La sede de la Confederación Hidrográfica del Guadiana, situada en Ciudad Real, acoge entre ayer y hoy a los comisarios de aguas de las Confederaciones Hidrográficas del Ebro, Segura, Júcar, Guadalquivir, Guadiana, Tajo, Duero, Cantábrico y Miño-Sil .

Estos encuentros, coordinados por la Subdirección General de Gestión Integrada del Dominio Público hidráulico del Ministerio de Medio Ambiente, Medio Rural y Marino, se celebran periódicamente con el fin de armonizar aquellas actuaciones que la normativa hidráulica les encomienda, informó la Subdelegación de Gobierno en Ciudad Real.

Propuestas de otorgamiento de concesiones y autorizaciones referentes a las aguas y cauces de dominio público hidráulico, análisis y control de la calidad de las aguas continentales, Registro de Aguas y Catalogo de Aguas Privadas, constitución de Comunidades de Usuarios y aprobación de sus Reglamentos, y dirección de la Guardería Fluvial constituyen algunas de las funciones desempeñadas por los Comisarías de Aguas.

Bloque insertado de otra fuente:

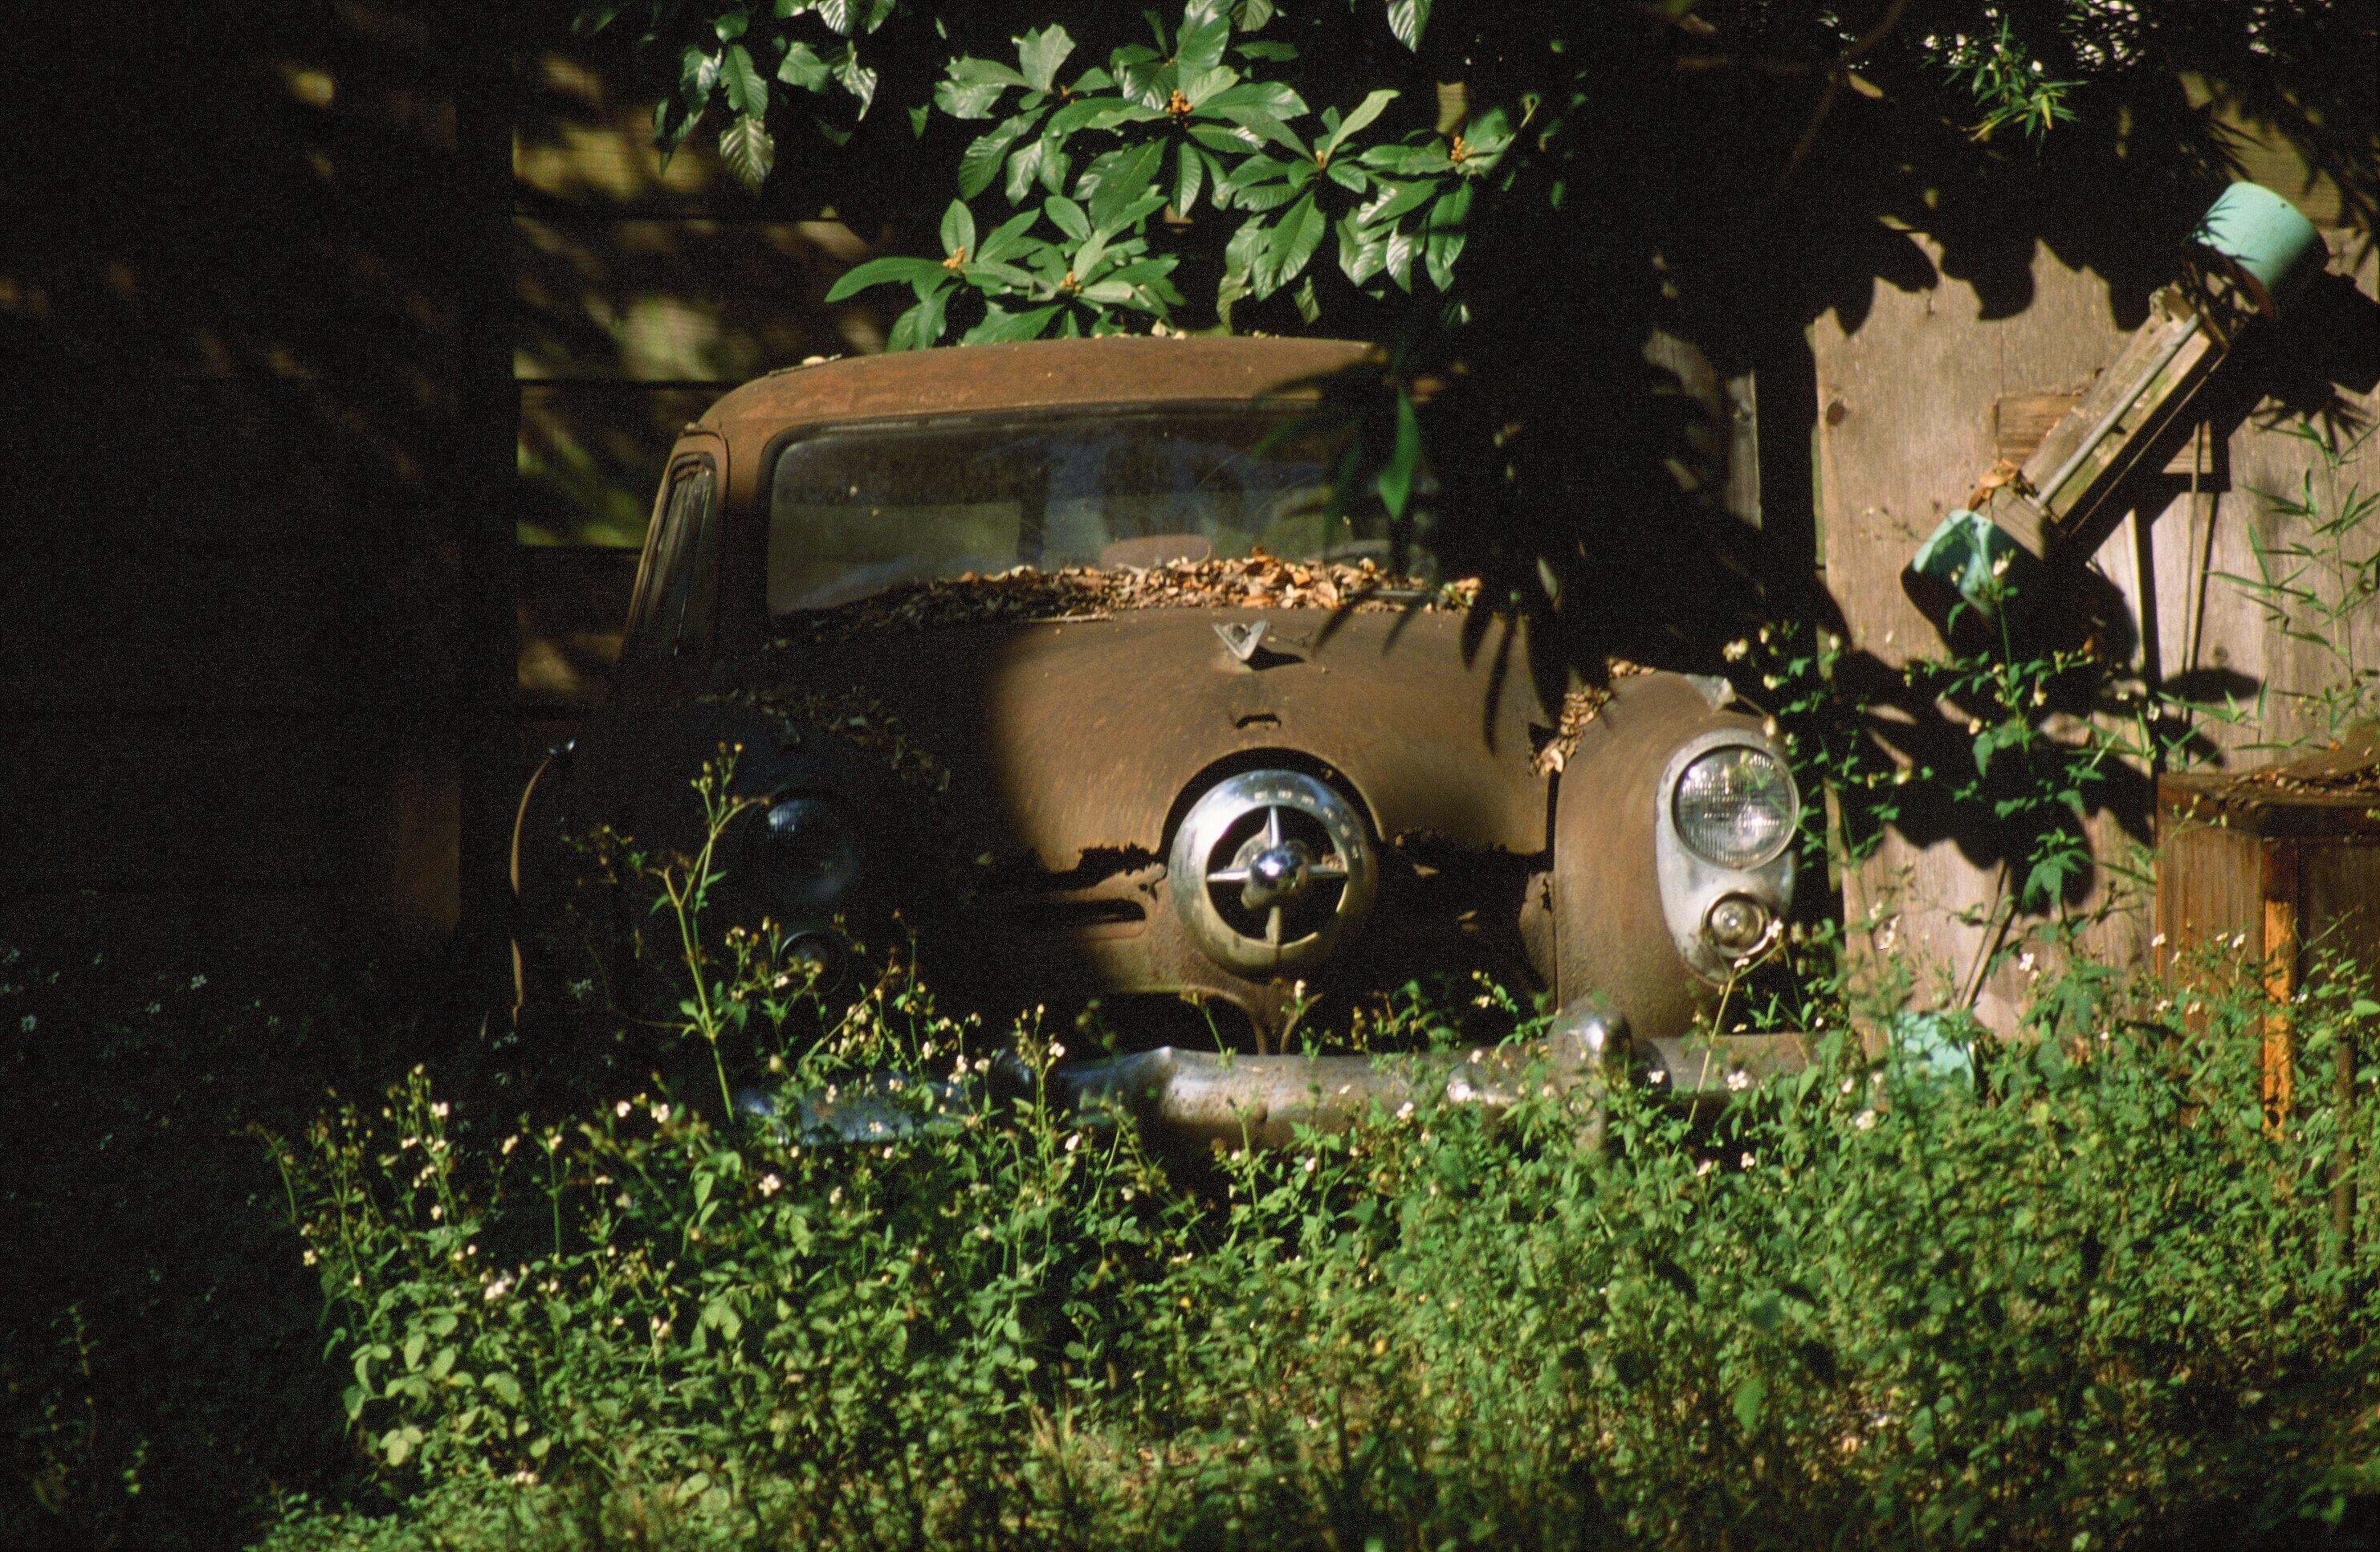 Old Car Weeds

La coordinación de estas unidades administrativas y la homogeneización de los procedimientos resultan elementos claves para alcanzar una mayor eficiencia en la resolución de todo tipo de expedientes y, fundamentalmente, para obtener una visión integral de los recursos hídricos a nivel nacional.

Durante esta última reunión se han abordado temas fundamentales, como los proyectos derivados del Real Decreto Ley 9/2008, correspondiente al Plan Español para el Estimulo de la Economía y el Empleo, agentes ambientales, el proyecto Alberca, aprovechamientos hidroeléctricos y la calidad ambiental.

----------